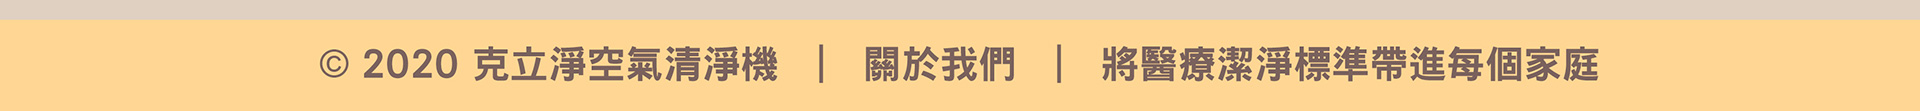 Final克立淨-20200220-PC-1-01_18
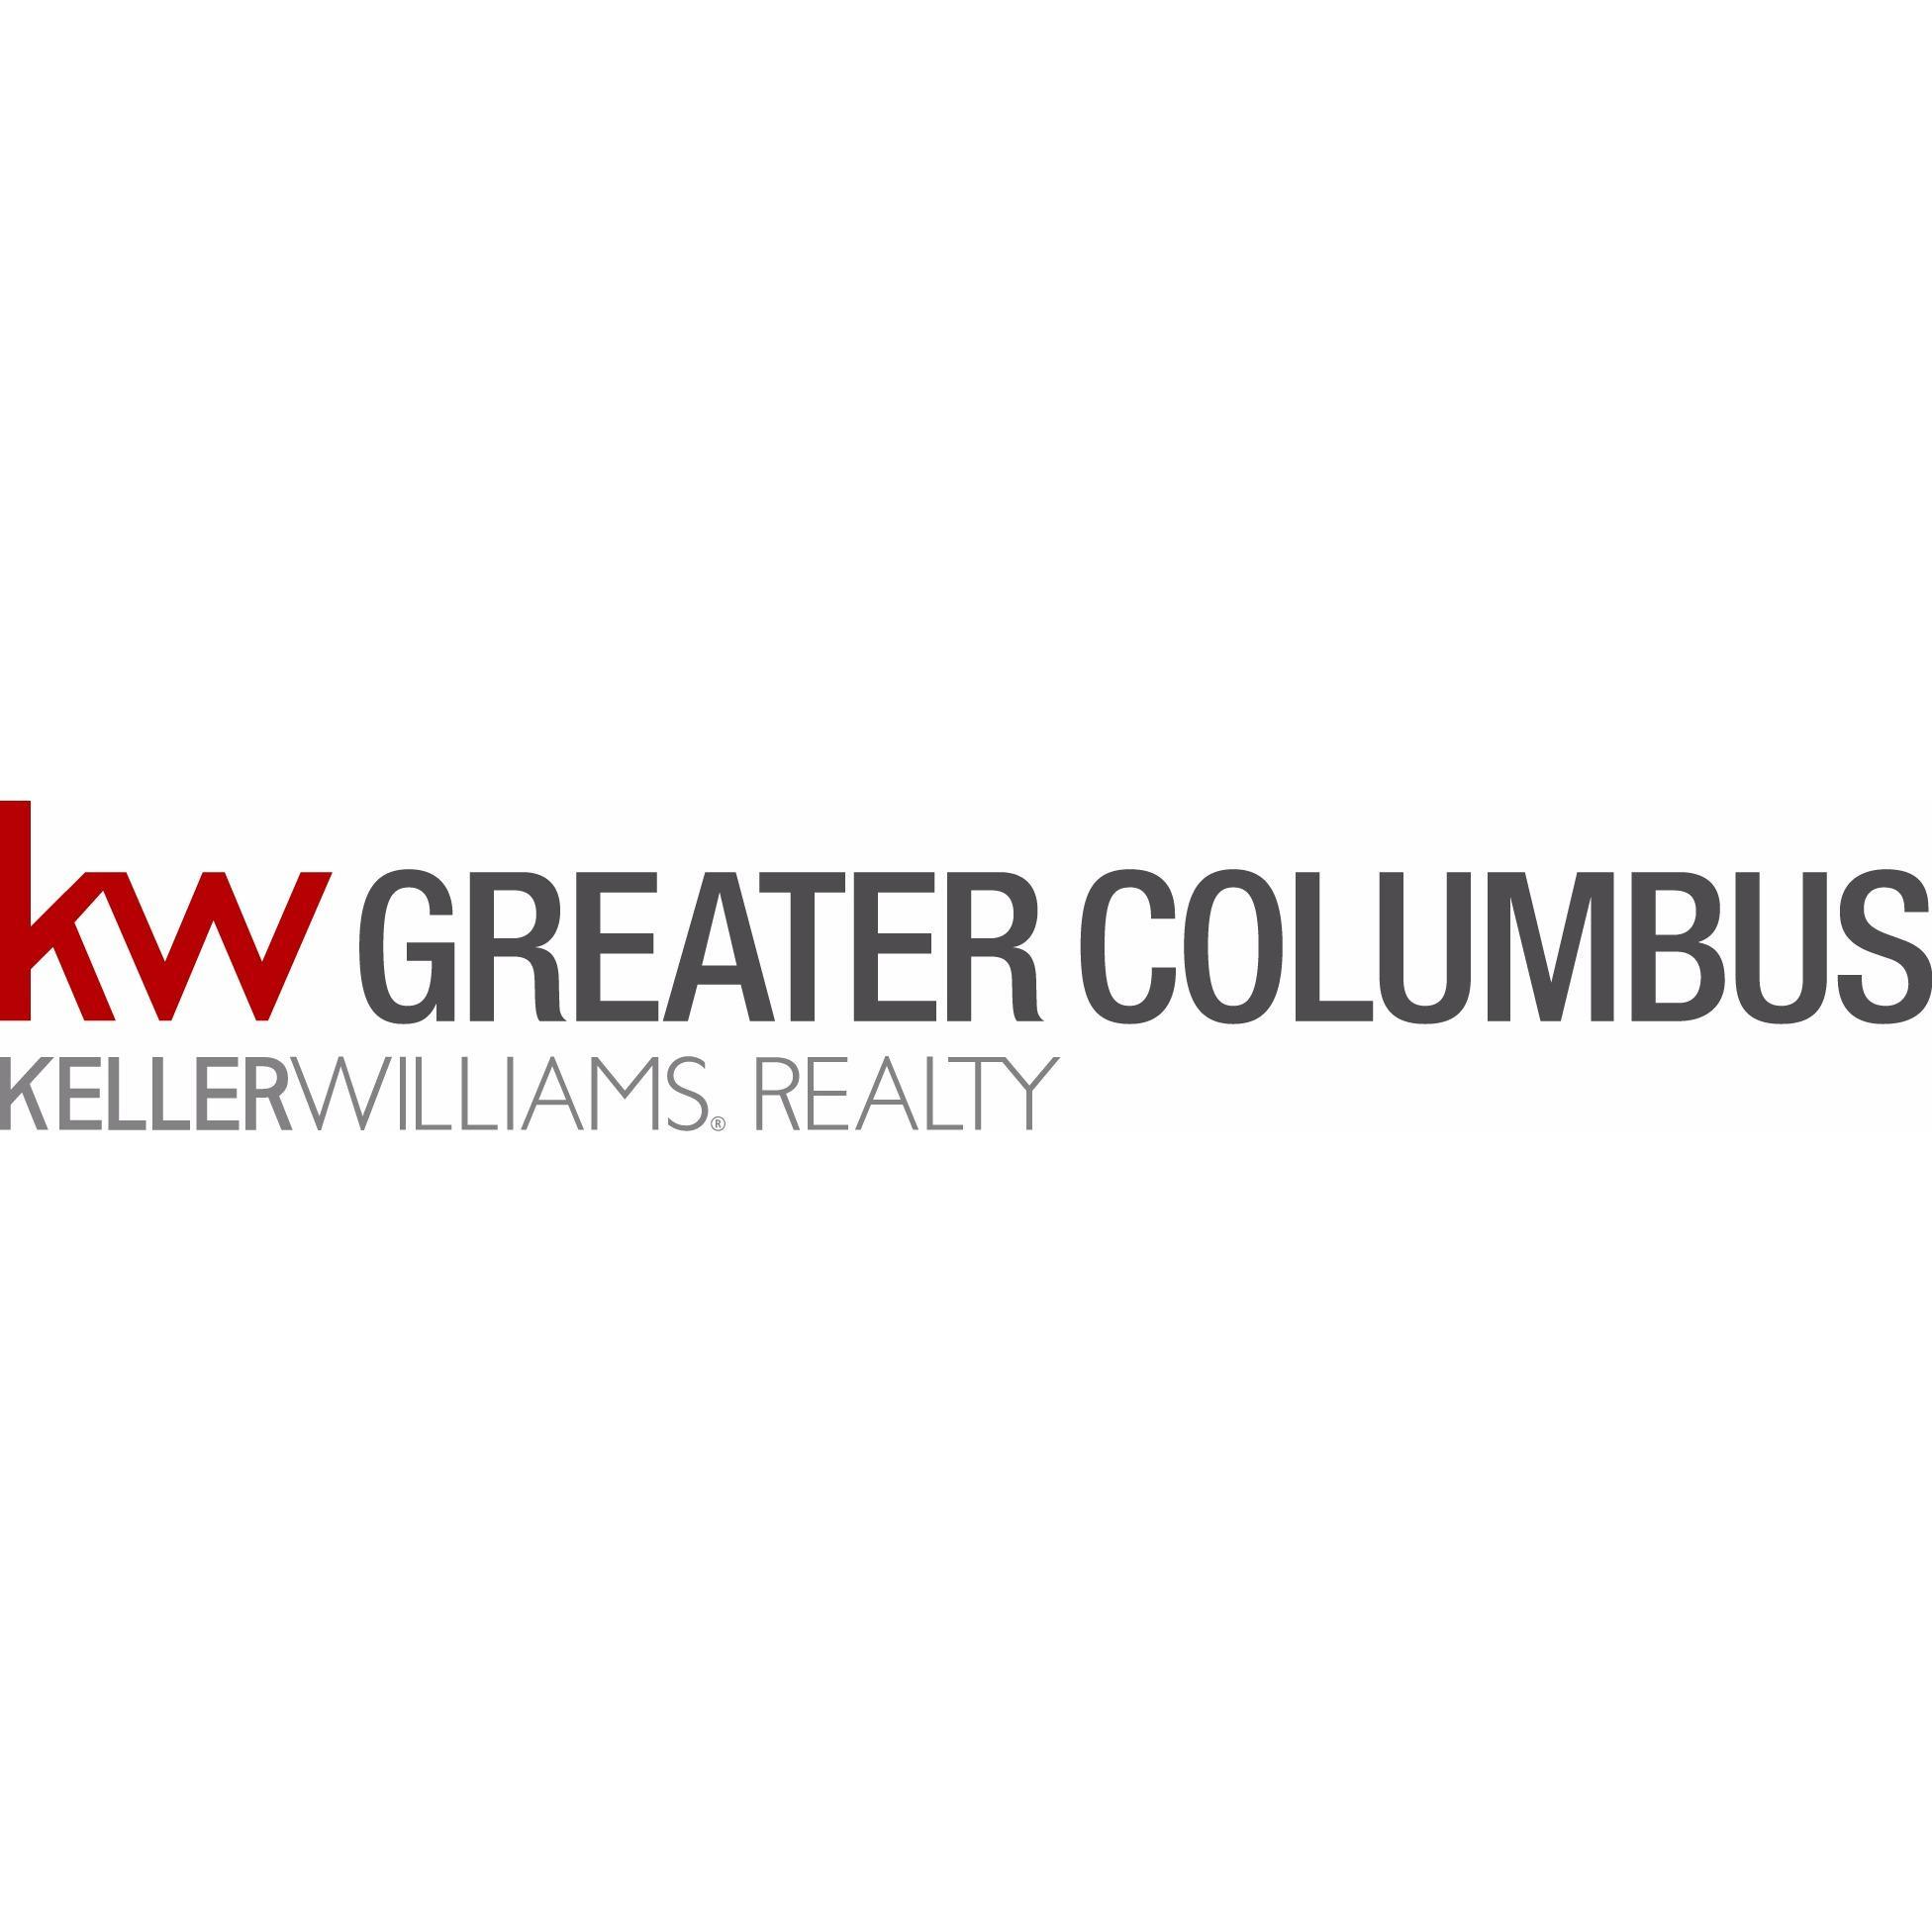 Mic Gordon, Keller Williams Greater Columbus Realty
==
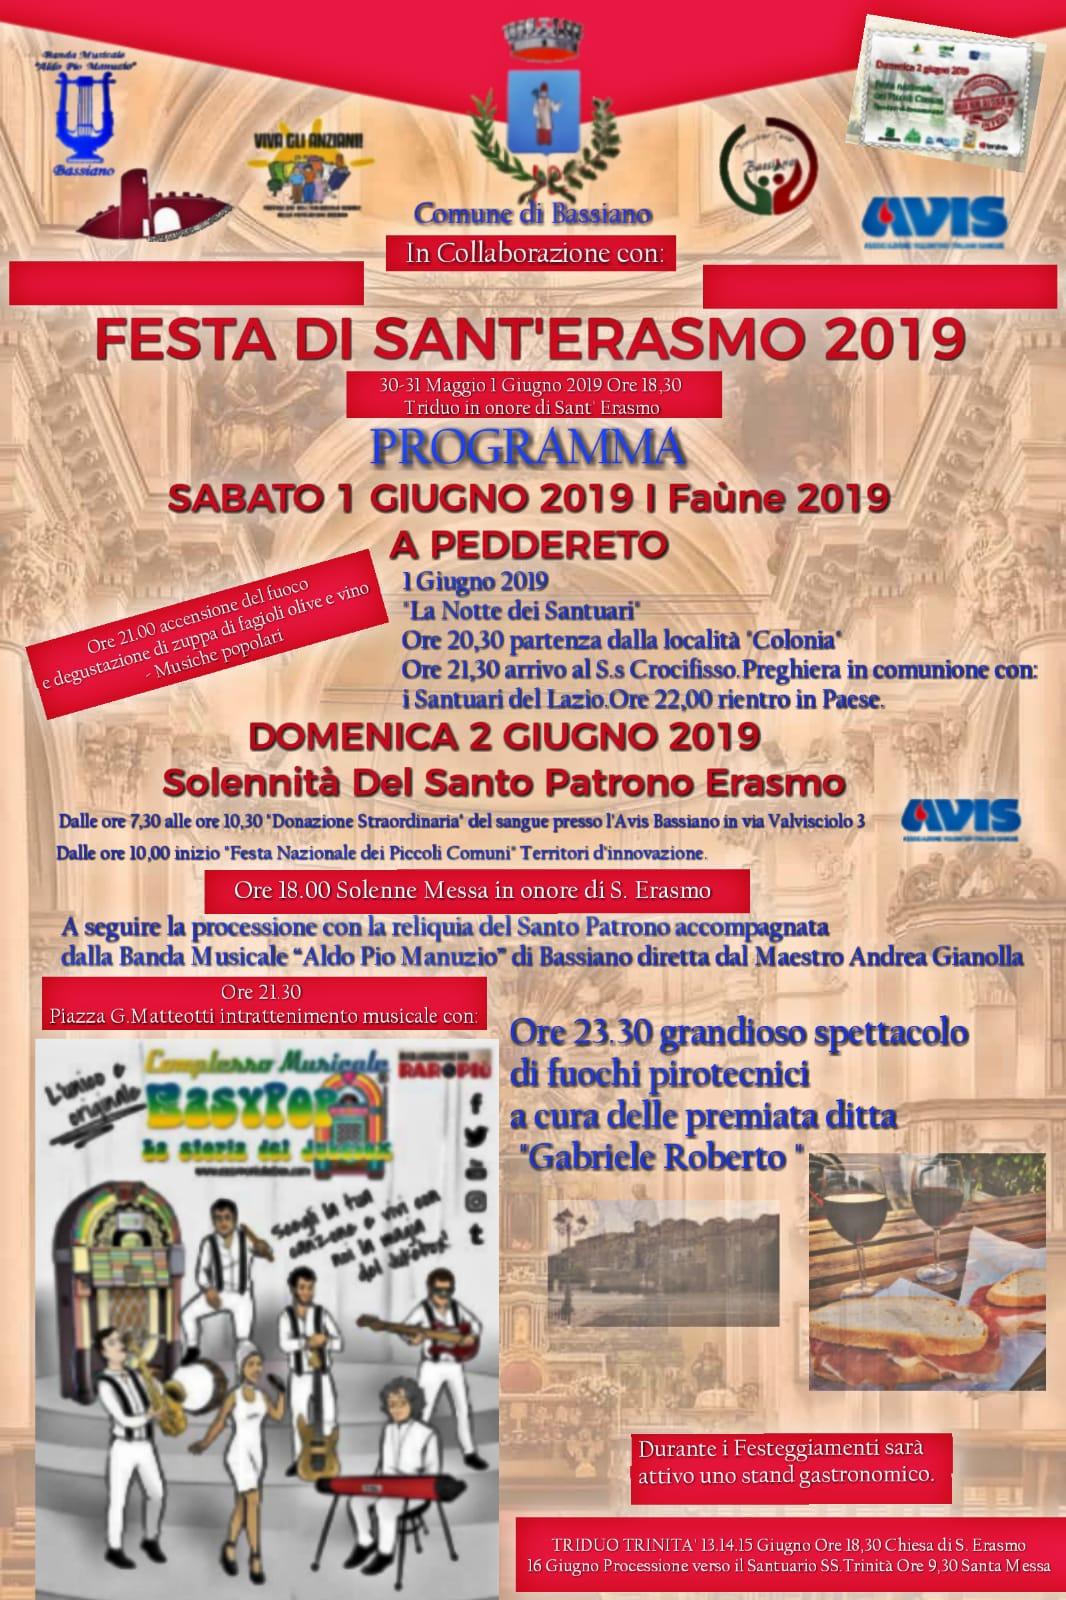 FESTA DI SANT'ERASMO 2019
==
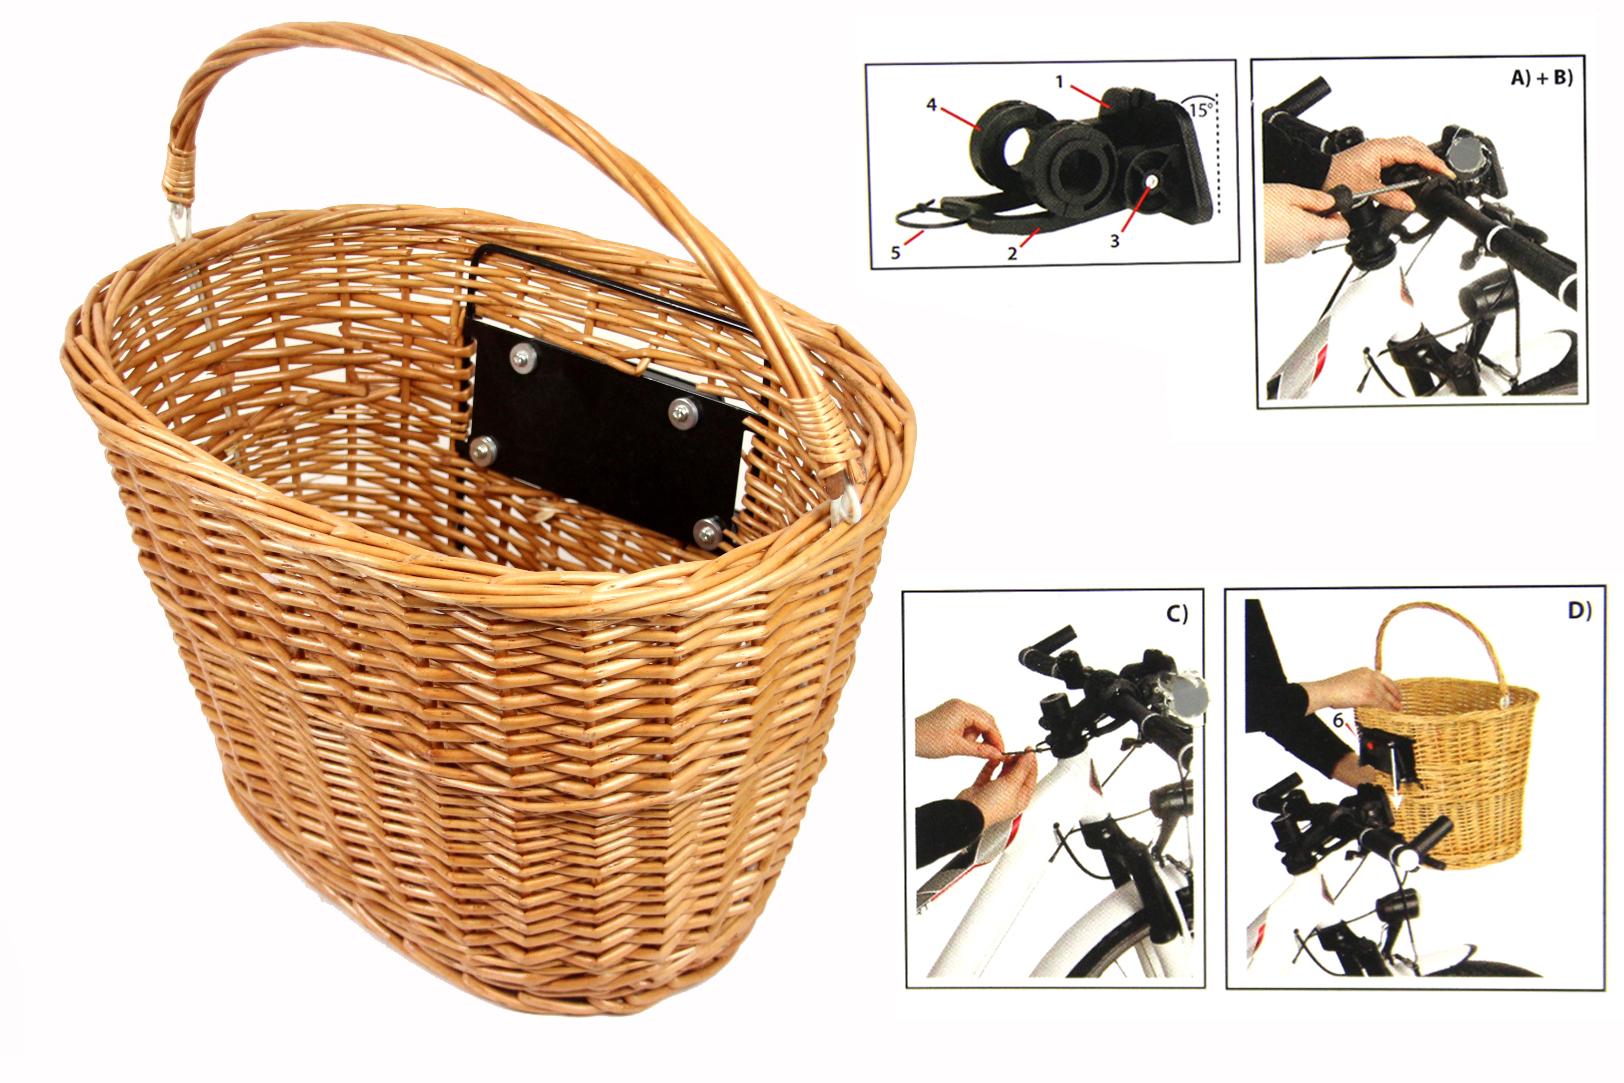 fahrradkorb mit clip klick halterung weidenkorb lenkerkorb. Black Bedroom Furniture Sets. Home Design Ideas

▸ **WHAT THE EXERCISE ASKS**
Copy exactly the part of the material above that opens with the line containing "Final克立淨-20200220-PC-1-01_18" and closes with the line containing "Mic Gordon, Keller", ends included. Drop the images.

▸ **EXPECTED ANSWER**
 Final克立淨-20200220-PC-1-01_18
 Mic Gordon, Keller Williams Greater Columbus Realty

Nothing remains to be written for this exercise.